Connecting the human and digital worlds with 6G

The world has entered the 5G era, especially as 2022 is expected to see 1 billion connections exceeded worldwide. Amidst this evolution, Asia-Pacific is targeted, given that it is expected to become the top market for 5G adoption in the next few years. As 5G takes hold in the region, it won’t be long before we start to see a rich fabric of advanced technologies powering smart cities, factories, precision agriculture, the Internet of Things (IoT) and robotics.

Yet, although 5G enables unprecedented connectivity speeds, the growing demand for 5G-enabled applications will inevitably put pressure on networks. This would then require a new highly agile and cognitive architecture that would automatically deploy new services perfectly adapted to these applications. This future architecture must also push the boundaries of supporting ultra-low latency, massive capacity, and widespread connectivity.

Meeting these expectations – and even going beyond them by re-framing the very concept of networked communications – is why we must begin to pave the way for the sixth generation of connectivity (6G).

6G vs 5G – what’s the difference?

5G demonstrates a striking aspect: the blending of the physical and human world. 5G already enables the widespread proliferation of sensors and artificial intelligence/machine learning (AI/ML). By combining digital twin models and real-time synchronous updates, the study of the physical world is enabled, as well as the anticipation of possible outcomes and the initiation of appropriate actions. It is transformative on many levels; factories can achieve new levels of automation, urban utilities can be made more crisis-resilient, and provide students with immersive learning experiences – to name a few.
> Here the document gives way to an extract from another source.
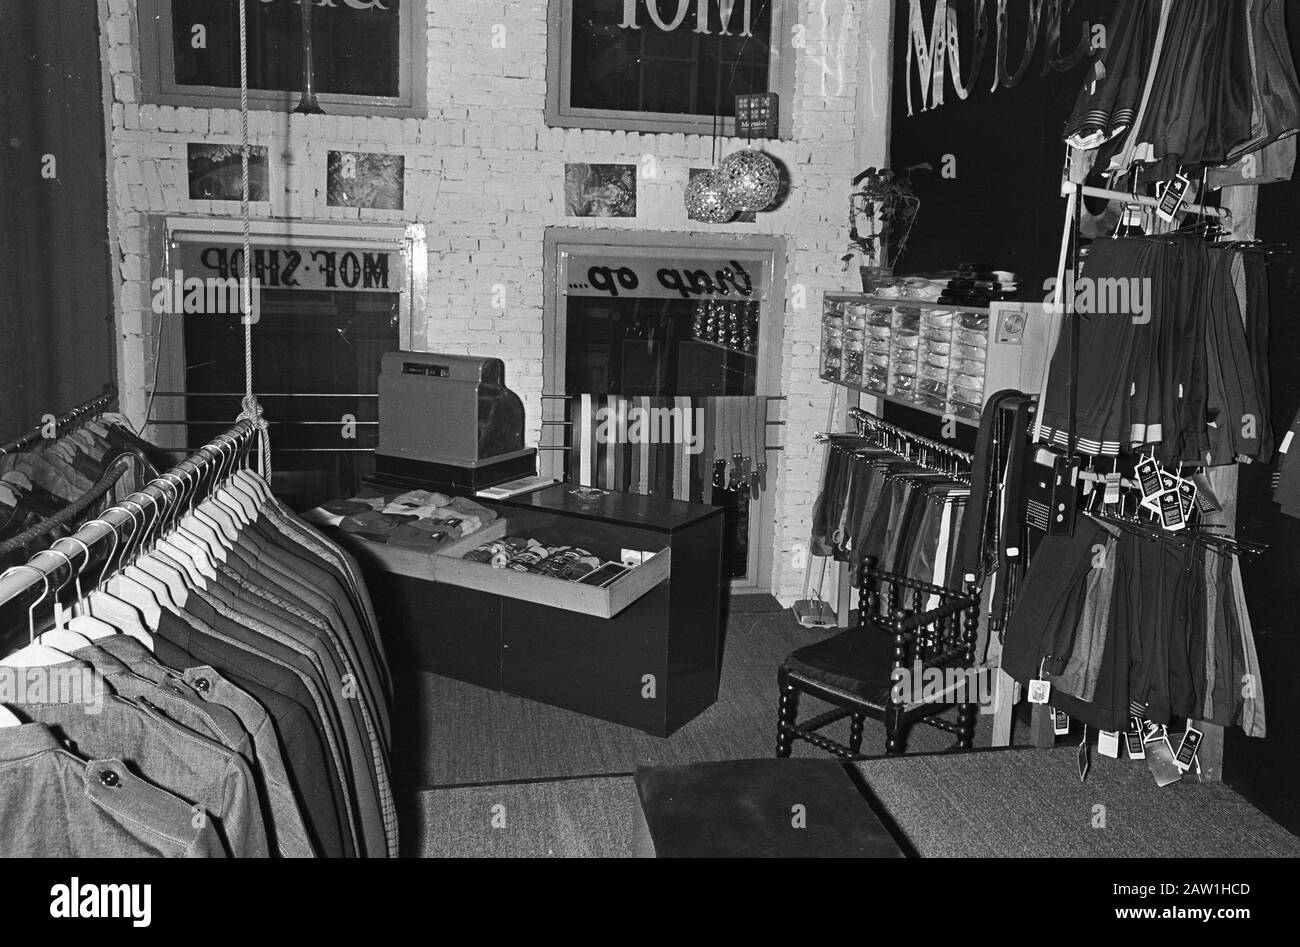 Textilia. Tienda Haarlemmerdijk anotación: Tienda de ropa 'Tienda' 'de Mof '1885 ropa de trabajo y overalls) a la Haarlemmerdijk, su tiempo a mí Fecha: 14 de noviembre de 1967
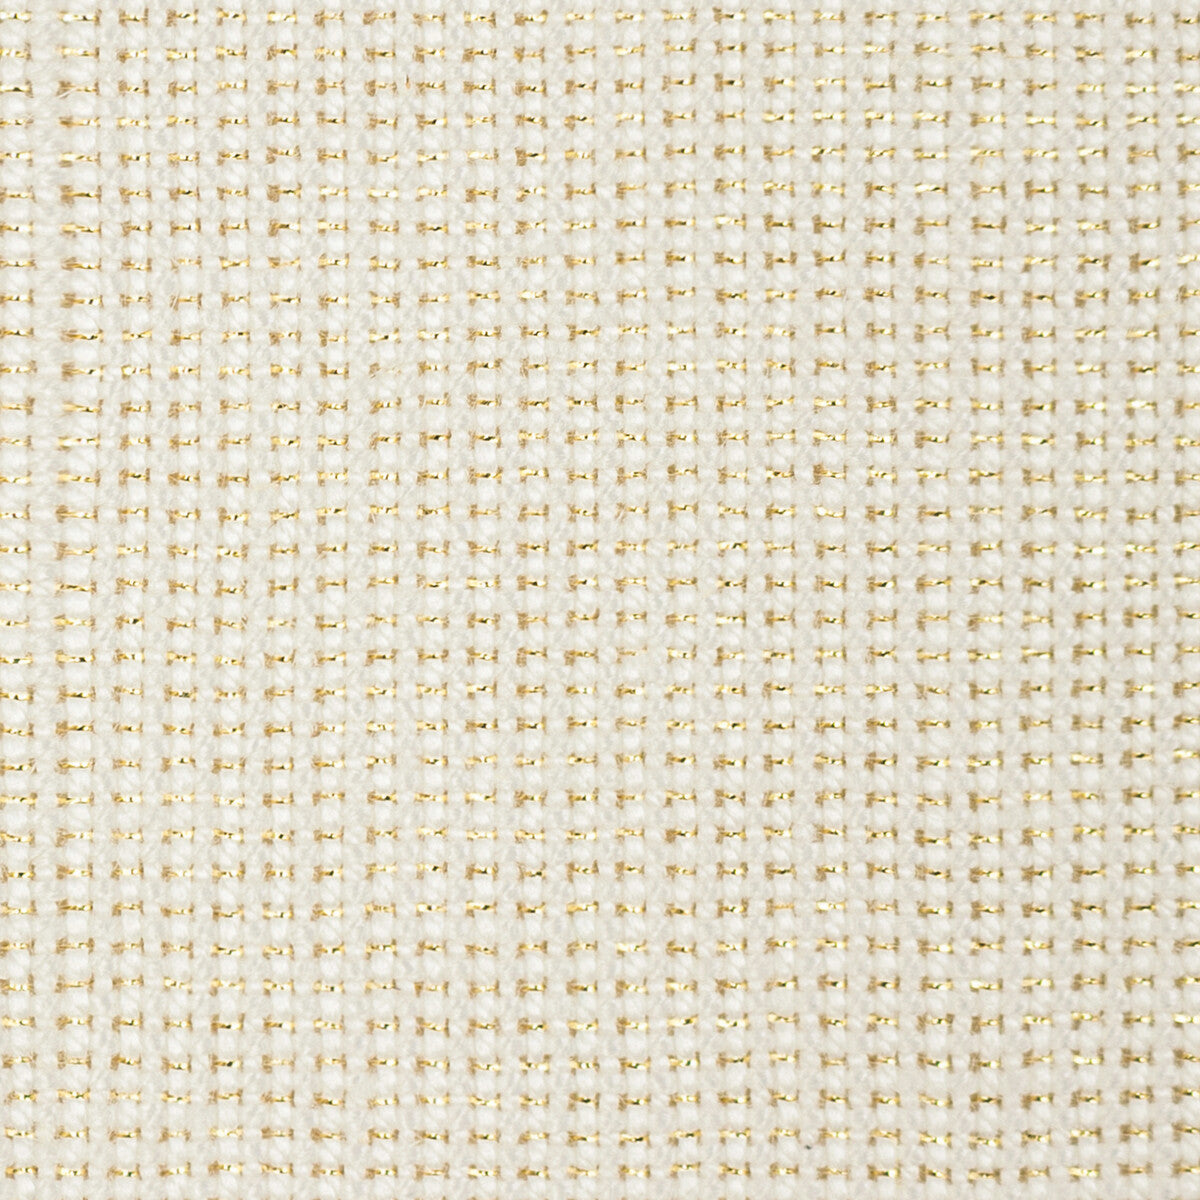 Kravet Basics fabric in 35785-1 color - pattern 35785.1.0 - by Kravet Basics

5G has huge potential, but 6G takes it to a whole new level. For example, digital twin models (which are already in use with 5G) will be deployed on a much larger scale and with much higher accuracy for a wide range of applications ranging from digital twins for industrial sites, cities and humans. This is made possible by several factors: 6G will operate on terahertz frequency bands to deliver superior performance, delivering a peak data rate of 1000 Gbps and is expected to deliver a network speed 100 times faster than the 5G.

Imagining a 6G future

While 6G follows in the footsteps of previous generations, it will differentiate itself with a bouquet of unique technologies that will shape the future of communications. Nokia’s research arm, Nokia Bell Labs, has identified the following potential innovations that can be enhanced by 6G:

  • Network detection: The ubiquitous network becomes a source of situational awareness, gathering signals bouncing off objects and determining type and shape, relative location, speed, and perhaps even material properties. This sensing mode can help create a digital twin, or “mirror”, of the physical world in combination with other sensing modalities.
  • Extreme Connectivity: 6G will further refine the ultra-reliable low latency communication service (URLLC). This helps meet extreme connectivity requirements in highly specialized subnets at the edges of WANs.
  • Cognitive, automated and specialized architectures: 6G – with its new network orchestration and service solutions – combined with fully cloud-native principles and advancements in AI/ML across all network functions will result in automation and agility unprecedented network. This will provide the most optimal service at the lowest possible operating costs.
  • Security and trust: 6G networks will be designed to deliver trusted services over a zero-trust infrastructure and protect against these larger-scale traditional threats, in addition to new threats such as jamming of critical private networks. Privacy issues will also need to be considered once new mixed reality worlds, combining digital representations of real and virtual objects, are created.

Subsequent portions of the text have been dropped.